How Can I Prepare For An Impending Divorce In Maine?
If an individual discovers that their spouse is planning to file for divorce, the most important financial step you can take is to preserve (to the extent possible) financial records, including bank account statements, tax returns, pensions and 401(k) statements. This financial information will be needed in order to resolve the case, therefore, if it is readily available, it will save the party the expense of engaging in an extensive discovery process.
If there are minor children involved, the most important consideration is taking steps to insulate the children from the potential conflict that may occur. The focus should on placing the needs of the children first when making any decision. The concept is to prioritize the needs of the children, even if doing so results in personal sacrifices. Above all else, the courts will recognize the importance of keeping the children at the forefront and minimize litigation.
What Is The Process Of A Typical Divorce In Maine?
Divorces in Maine can be broken down into two broad categories: matters that involve minor children and matters without minor children. Divorces that do not involve minor children deal with issues pertaining to property division, spousal support or alimony, and attorney fees. When minor children are involved, additional matters must be considered, including parental rights and responsibilities, residence, contact, and child support.

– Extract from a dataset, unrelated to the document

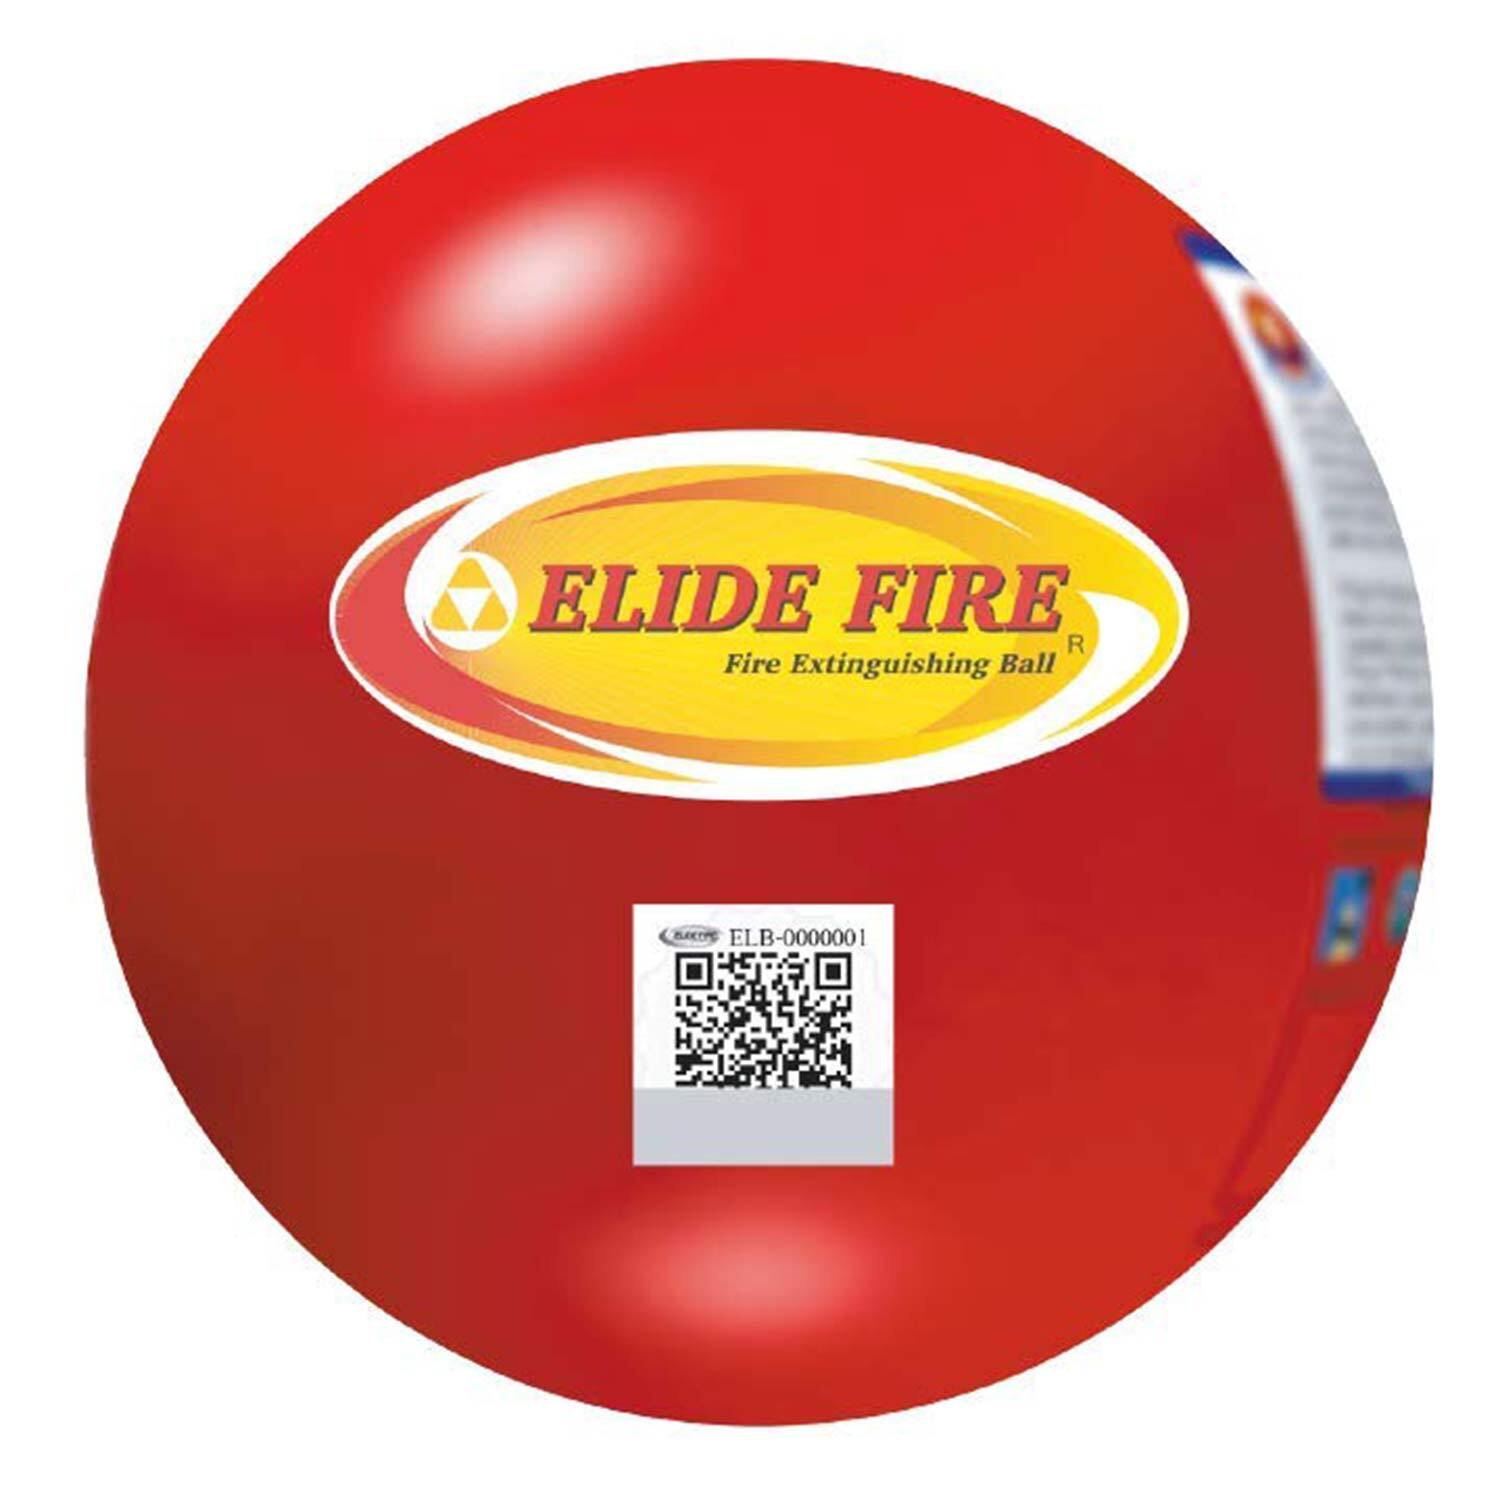 4 Elide Fire Ball Fire Extinguisher Industrial Box Package With Non 
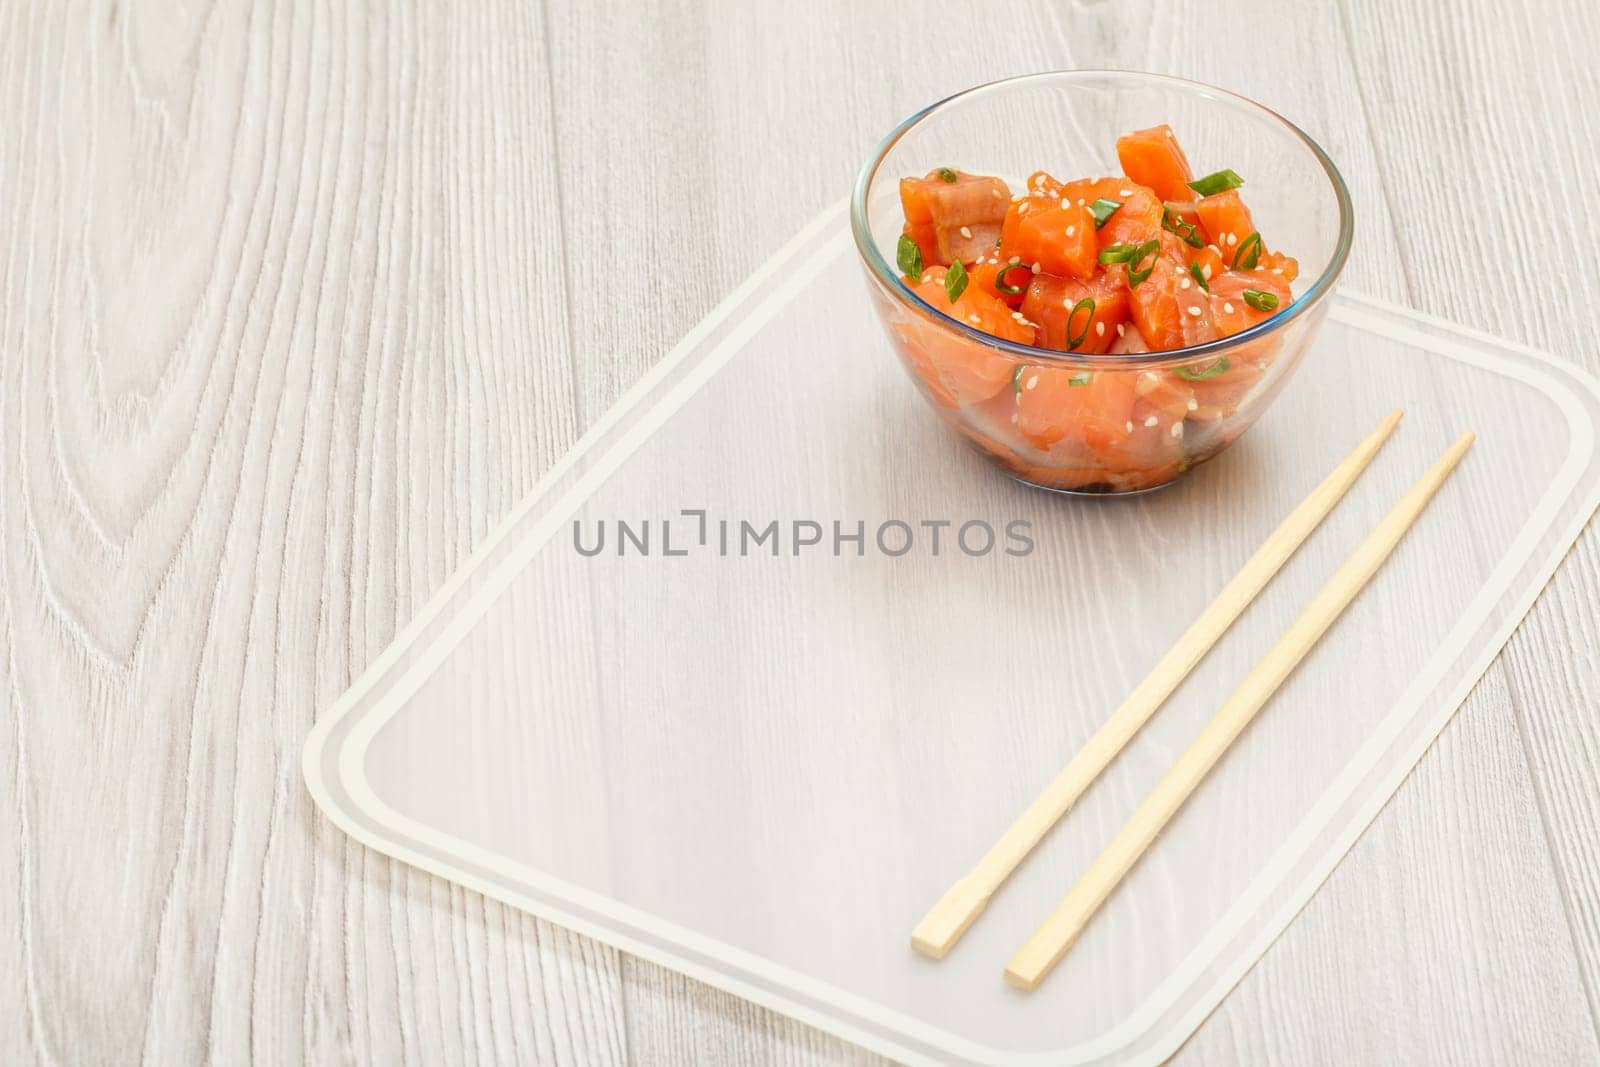 Hawaiian salmon poke with green onions and sesame seeds in glass bowl with chopsticks on kitchen napkin. Top view with copy space. Organic seafood.

Matters not involving minor children are commenced by the filing and service of a complaint for divorce. Once commenced, the court will assign a docket number. Next, the court will issue a pre-trial scheduling order specifying dates by which certain steps in the case must be completed. The pre-trial order will include a deadline for the parties to exchange discovery, , set deadlines for the designation of expert witnesses, and deadlines for the parties to specify other witnesses and exhibits that would potentially be used in the event that there is a trial. Typically, three or four months are allotted for these events to take place before your case is set for a trial management conference in front of a judge.
The trial management conference is intended to address any pre-trial issues and determine when your case can be set for a final hearing.
In matters in which children are involved, the first step requires the parties participate in a case management conference. At family Magistrate will preside over this Case Management Conference. The Magistrate has authority to issue court orders on a temporary basis while your case is pending. At this conference, the family magistrate’s goal is to identify the issues and determine if there are other matter affecting the family such as criminal cases pending between the parties or protection from abuse orders between the parties. In addition, the family magistrate will identify the issues that need to be resolved in the case. The issues identified will include parental rights and responsibilities, primary residence, contact, and child support. The family magistrate will typically determine whether there is a need for a hearing to address temporary arrangements involving the children as well as matters related to possession of property and responsibility for debts. This may be necessary if one parent is preventing the other parent from gaining access to a child and controlling the family finances.
Absent good cause, the court will require that the parties participate in a court sponsored mediation process. Mediation is intended to aid the parties in achieving resolution of the issues generated by the divorce. Most cases resolve through the mediation process, but those that do not will be scheduled for a hearing in front of a judge. The trial process is a technical presentation of evidence a judge will rely upon in rendering a decision. A judge’s decision is final and binding on both parties unless one or both parties appeal. The appeal process is very technical and beyond the scope.